Melina Galić, a Serbian fashion designer and former wife of singer Haris Džinović, has married or is in the process of marrying British businessman and millionaire Jeffrey Paul Arnold Day in a civil ceremony in Monaco, followed by celebrations along the French and Italian Riviera. Both opposition and pro-government outlets agree that the event is highly luxurious and partially yacht-based, involves several dozen guests (roughly 70 to around 100) from different countries, and features high-end venues such as exclusive restaurants in Monte Carlo and the Splendido Mare hotel in Portofino, with guests arriving via yachts, helicopters, and other luxury transport. They converge on the core biographical facts: this is Melina’s second marriage after a long relationship and marriage with Džinović, the groom is a wealthy British businessman in his late sixties to around 70 with numerous corporate directorships and substantial capital, and Melina’s close family, including her parents and daughter Đina, are present in or around Monaco for at least part of the festivities, with son Kan remaining distant.
Across the spectrum, coverage situates the wedding in the broader context of Melina’s public persona, her fashion brand, and her previous high-profile 2014 yacht wedding to Džinović near Dubrovnik, using that earlier lavish ceremony as a clear point of comparison. Both sides note that the current celebrations stretch over several days between Monaco and Portofino, emphasize the tight-knit, invitation-only nature of the guest list, and highlight security and privacy measures around venues and transport. They also agree that the marriage is intertwined with Melina’s established lifestyle on the Côte d’Azur and with her international ambitions as a designer, as evidenced by references to her brand’s global reach and to the groom’s financial backing of her business.
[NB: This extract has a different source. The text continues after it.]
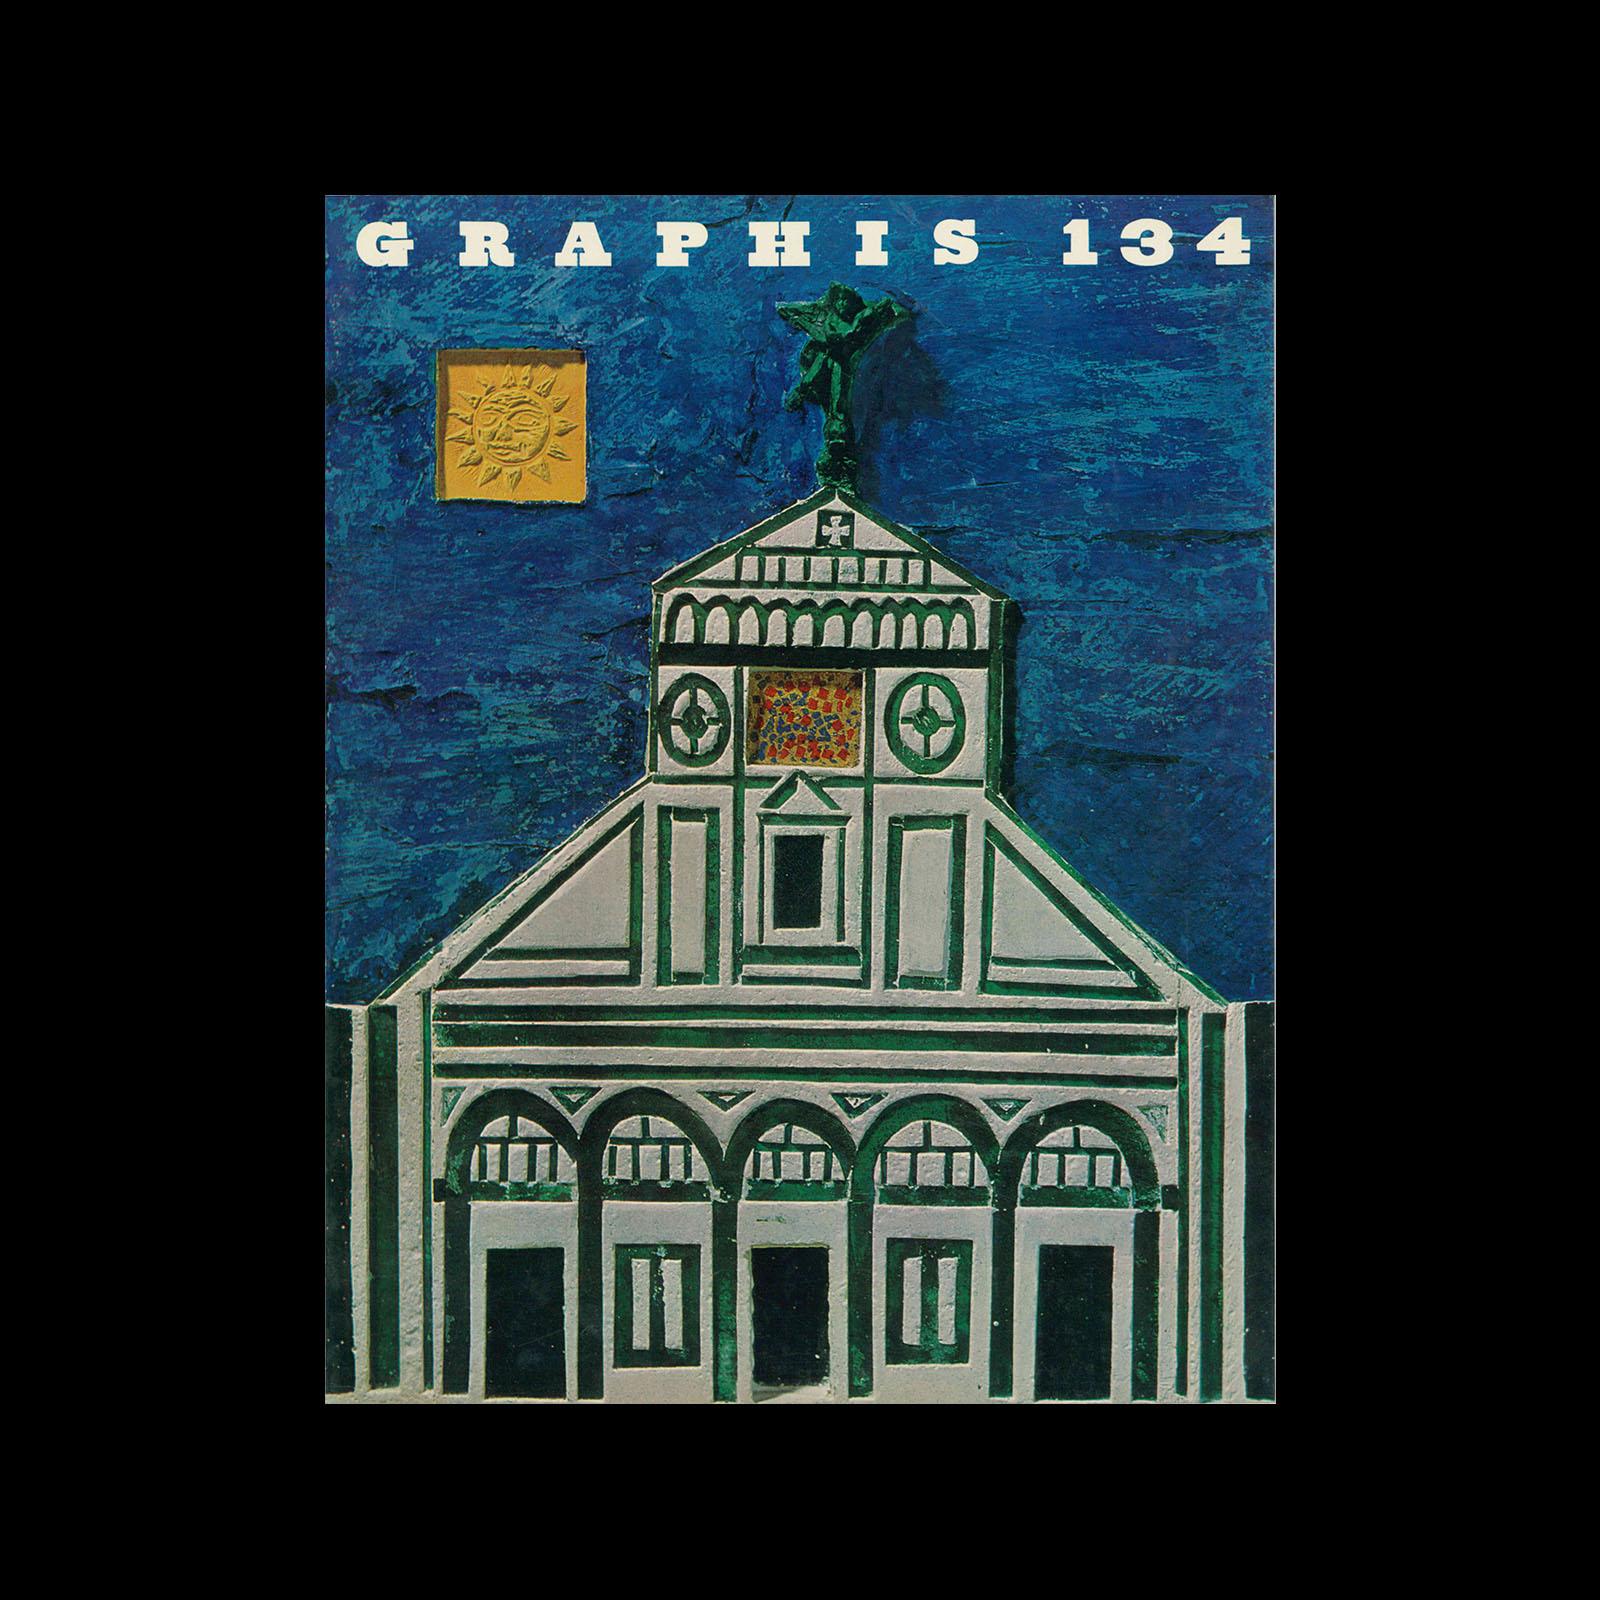 Graphis 134, 1967. Cover design by Antonio Frasconi.

The shared frame is that this is a conspicuously glamorous event in a long-running story of celebrity, wealth, and high society around the former showbiz couple and their children.
Areas of disagreement
Tone toward luxury and excess. Opposition-aligned outlets typically present the Monaco wedding as straightforward celebrity news, emphasizing glamour, expensive venues, and the guest list in an almost celebratory or neutral tone, with little overt moralizing about extravagance. Pro-government outlets, while also dwelling on luxury details such as yacht prices, dress costs, and elite restaurants, more often frame these elements with a mix of fascination and mild sensationalism, stressing contrasts like Melina’s costly outfits versus more modestly dressed relatives or guests asked to pay steep travel supplements. This creates a subtle divergence where opposition pieces normalize the opulence as expected for this milieu, whereas pro-government pieces more actively spotlight the excesses as eye-catching talking points.
Focus on personal drama and family relations. Opposition coverage, based on the available examples, largely concentrates on the couple themselves and the logistics of the celebration, touching on daughter Đina’s presence without delving deeply into intra-family tensions. Pro-government outlets, in contrast, repeatedly foreground family drama: Kan’s estrangement and social media signals, Đina’s deletion or deactivation of profiles and late arrival to the ceremony, the evolving attitudes of Melina’s parents, and even Haris’s pointed public remarks that his ex-wife “no longer exists” for him. As a result, the pro-government narrative leans into soap-opera style conflict and emotional rifts, while opposition reporting tends to keep the focus on the event rather than on relational grievances.
Business and power implications. Where opposition-aligned sources mainly describe Jeffrey Paul Arnold Day as a British businessman and wealthy partner, pro-government outlets elaborate extensively on his age, portfolio of directorships, and reported financial injections into Melina’s fashion label, including figures around 200,000 euros. Pro-government reporting thus frames the marriage partly as an economic alliance that shores up and internationalizes Melina’s brand, tying her personal life to business expansion and hinting at a pragmatic dimension behind the romance. The opposition side, by not stressing these investment angles, leaves the business implications in the background and presents the union more as a private, albeit luxurious, life choice.
Narrative around Melina’s image and past. Opposition outlets, in the sample given, portray Melina primarily as a glamorous designer and celebrity moving on with her life after divorce, without strongly revisiting allegations or controversies from the past. Pro-government media more frequently revisit her 2014 wedding to Džinović, recounting its mishaps and grandeur, resurrecting infidelity allegations via third parties, and juxtaposing her new marriage with Haris’s public disapproval to shape a continuity of scandal and spectacle. In this way, opposition coverage allows Melina a relatively clean narrative of a high-society second marriage, whereas pro-government coverage situates the Monaco wedding in a longer arc of contentious relationships, public judgment, and media-fueled gossip.
In summary, opposition coverage tends to frame the Monaco wedding as a conventional, if lavish, celebrity event centered on logistics and shared facts, while pro-government coverage tends to amplify the spectacle with added focus on family conflict, financial underpinnings, and past scandals to create a more dramatic and morally loaded narrative.